• [Assigned task]: Once the pictures are set aside, reproduce the remaining data exactly.

• [Dataset section]:
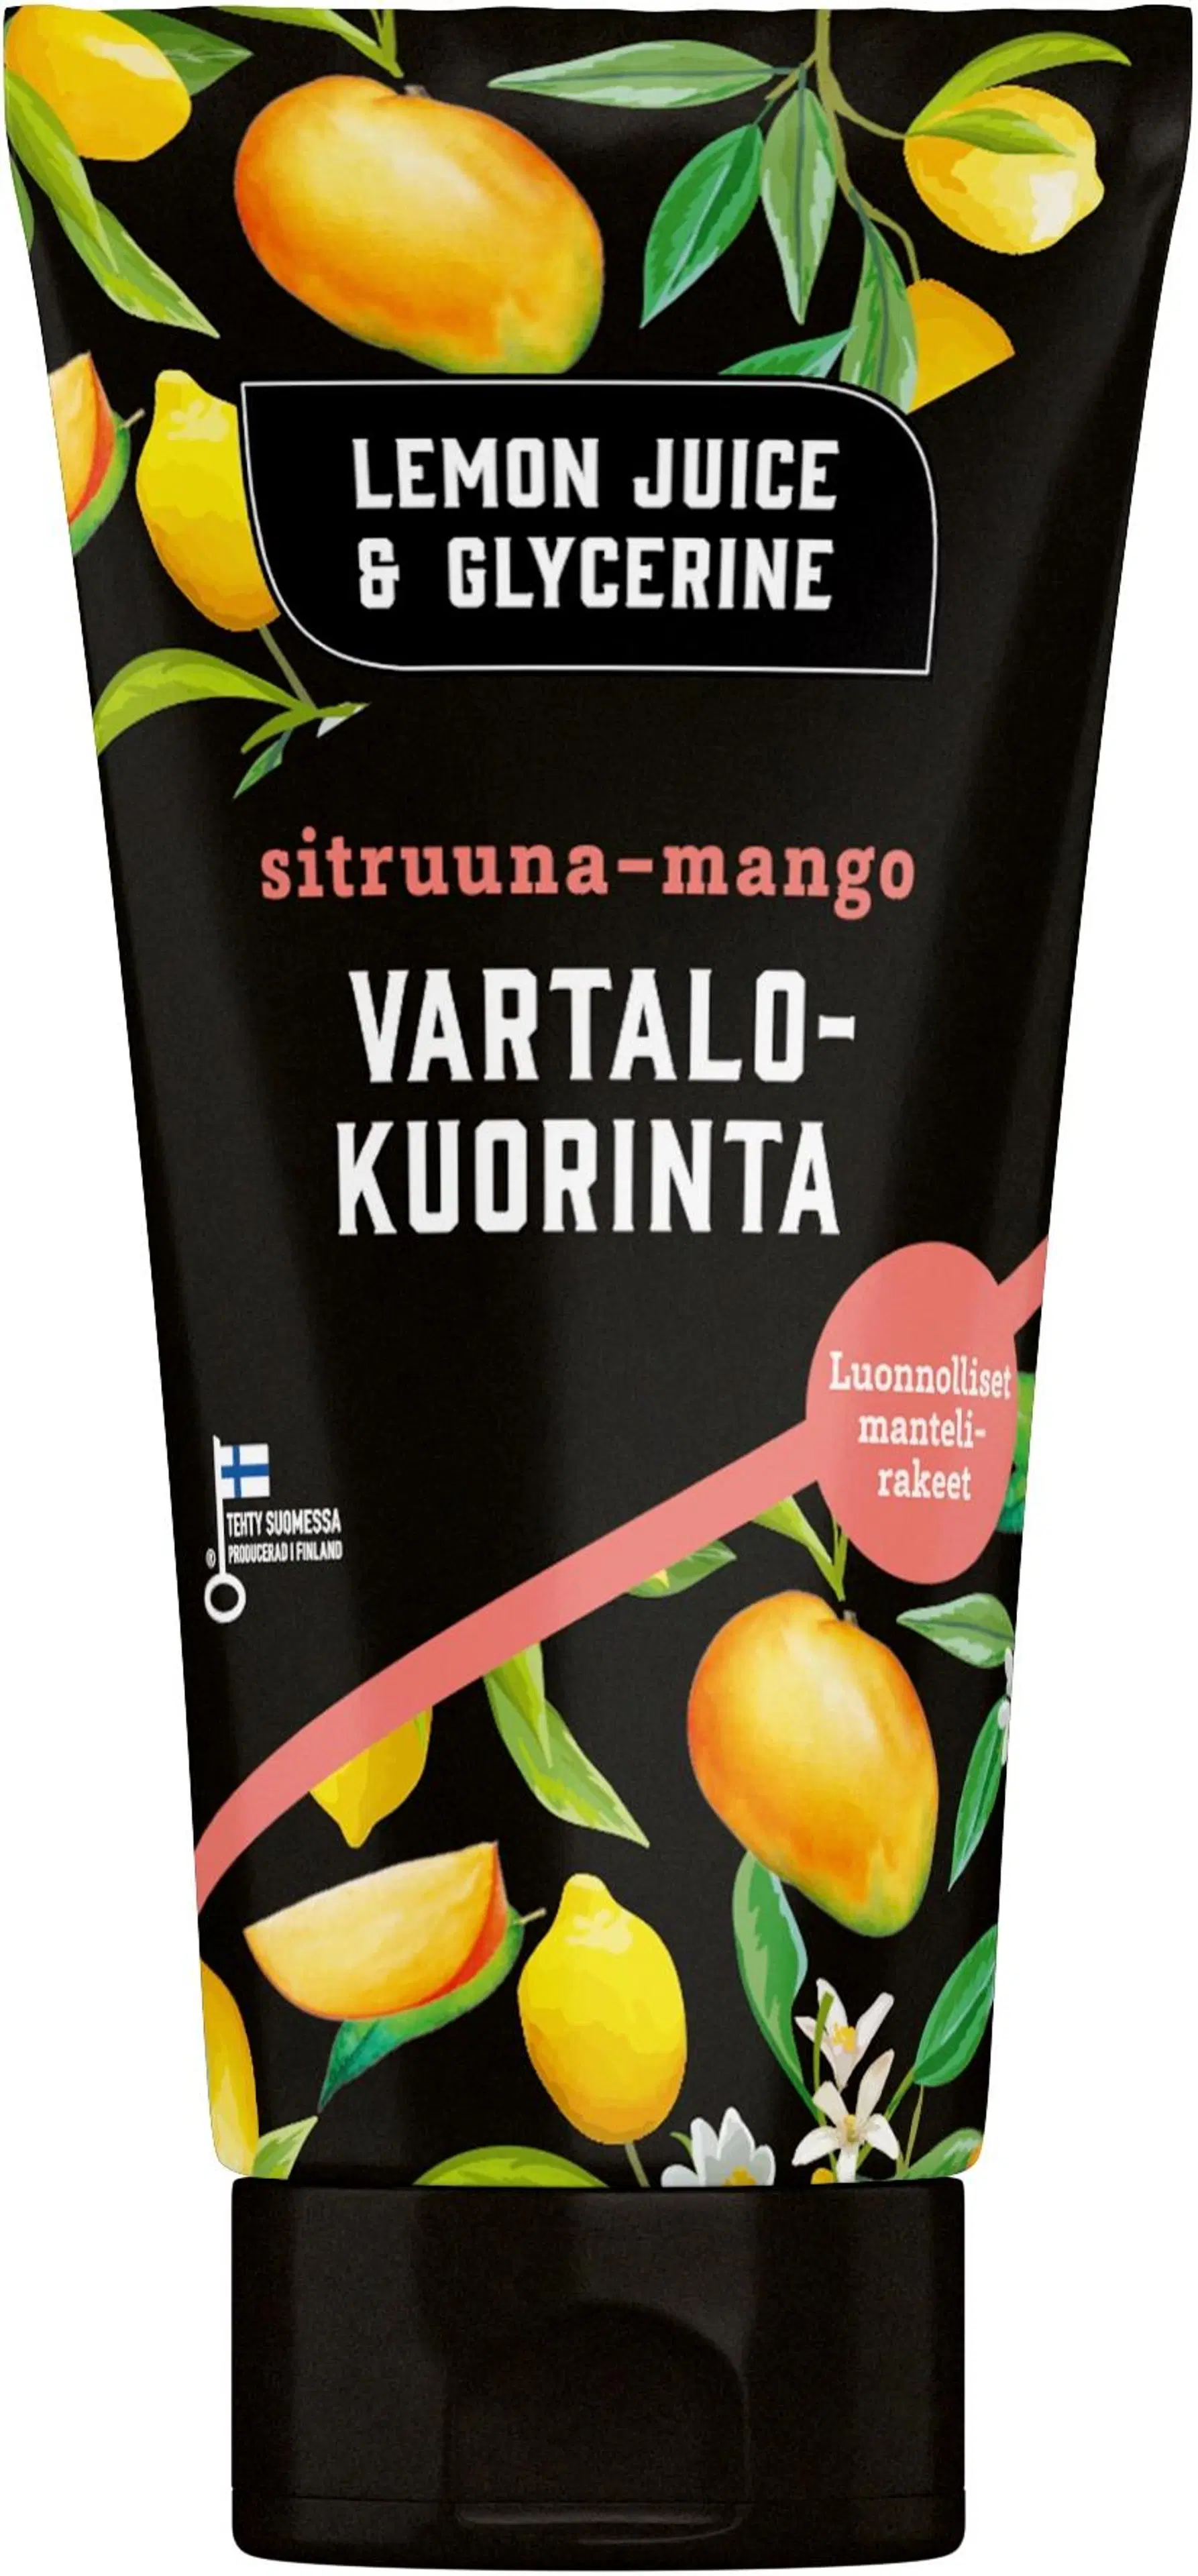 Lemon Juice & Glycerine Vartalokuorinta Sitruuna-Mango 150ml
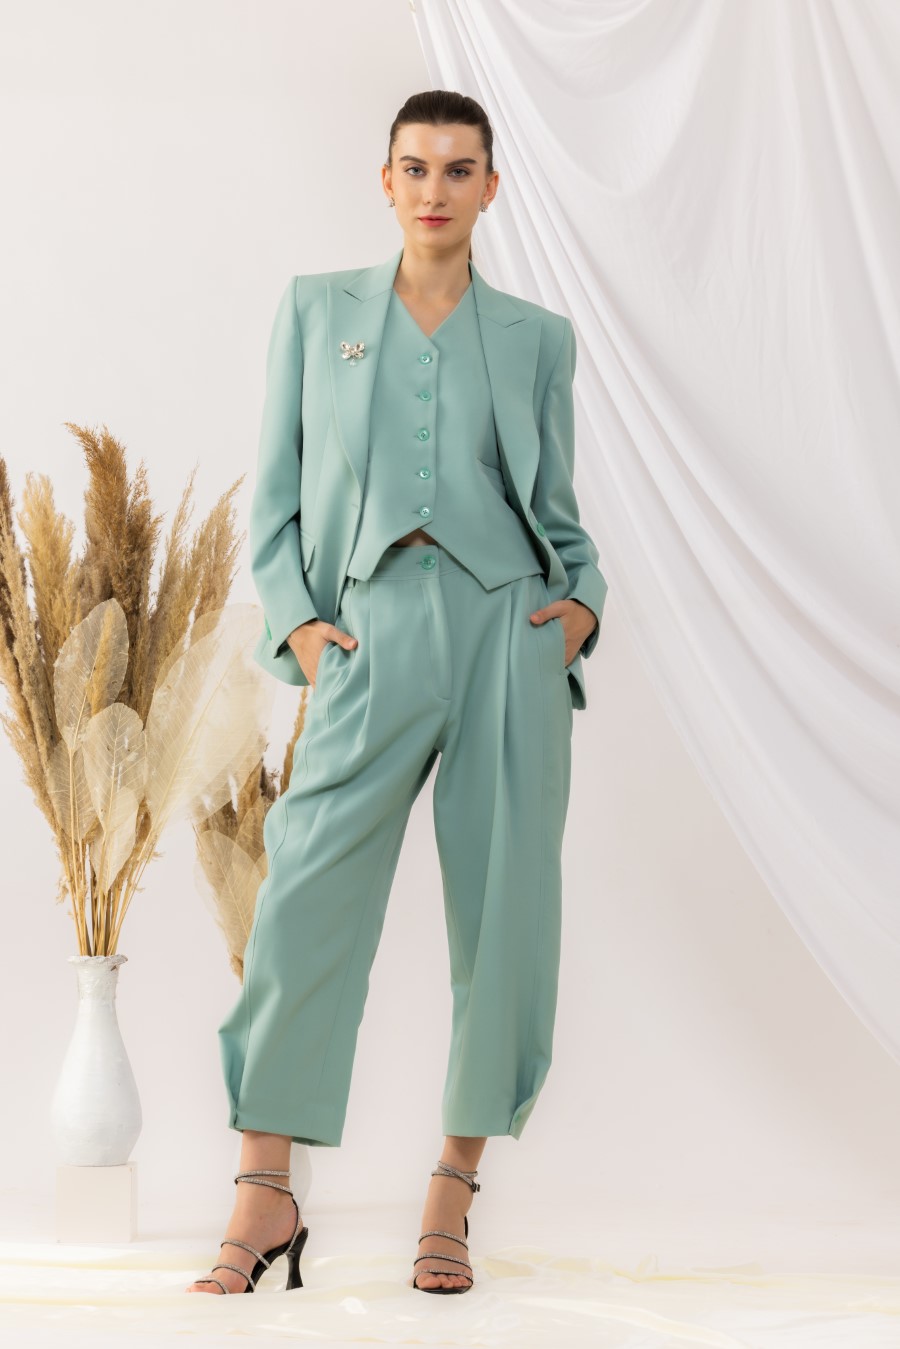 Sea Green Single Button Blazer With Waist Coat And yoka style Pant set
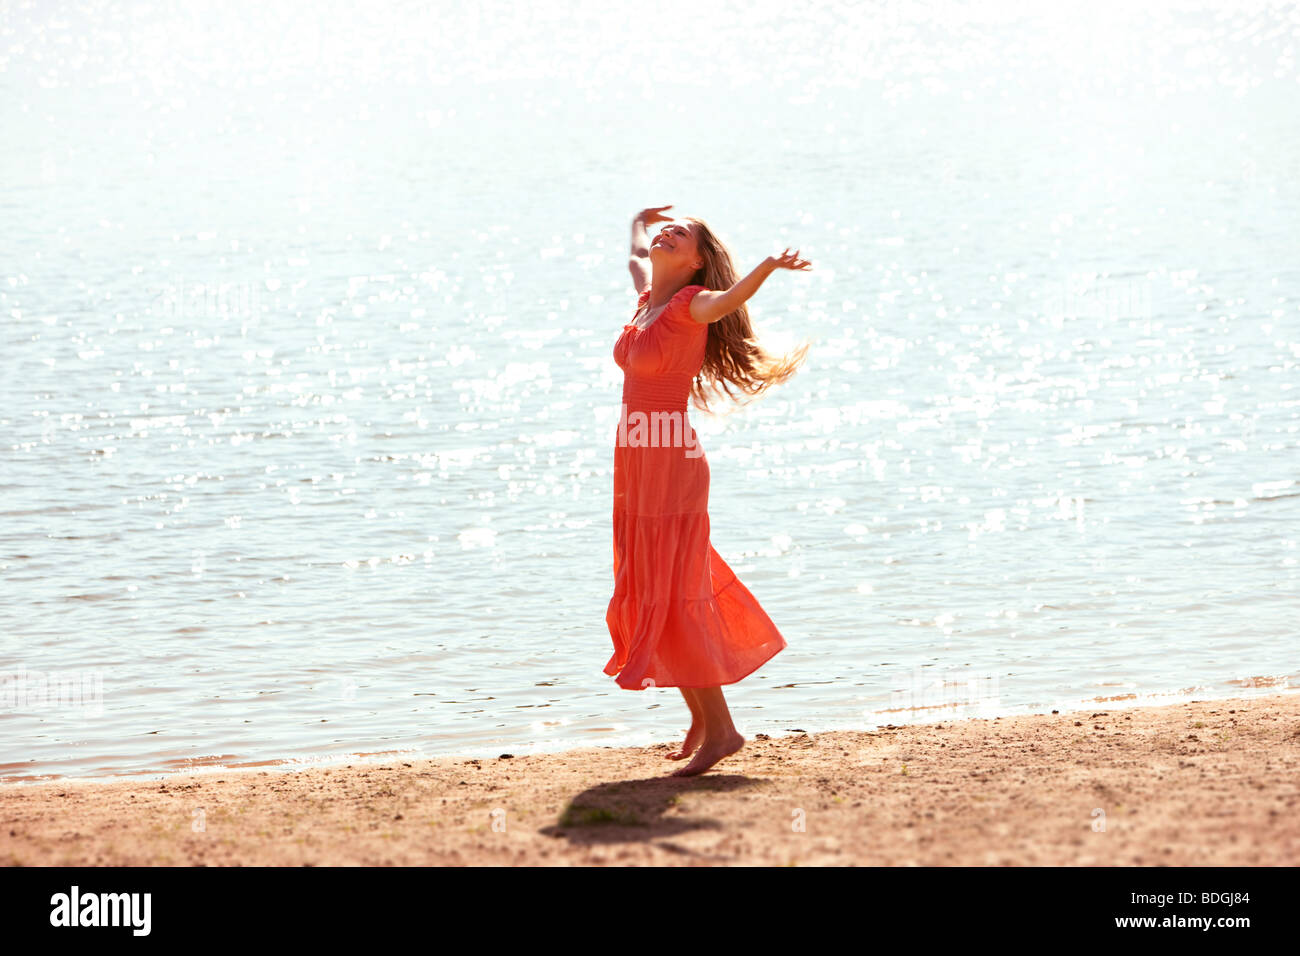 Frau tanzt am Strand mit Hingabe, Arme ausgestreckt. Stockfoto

• [Exercise solution]:
 Lemon Juice & Glycerine Vartalokuorinta Sitruuna-Mango 150ml
 Sea Green Single Button Blazer With Waist Coat And yoka style Pant set
 Frau tanzt am Strand mit Hingabe, Arme ausgestreckt. Stockfoto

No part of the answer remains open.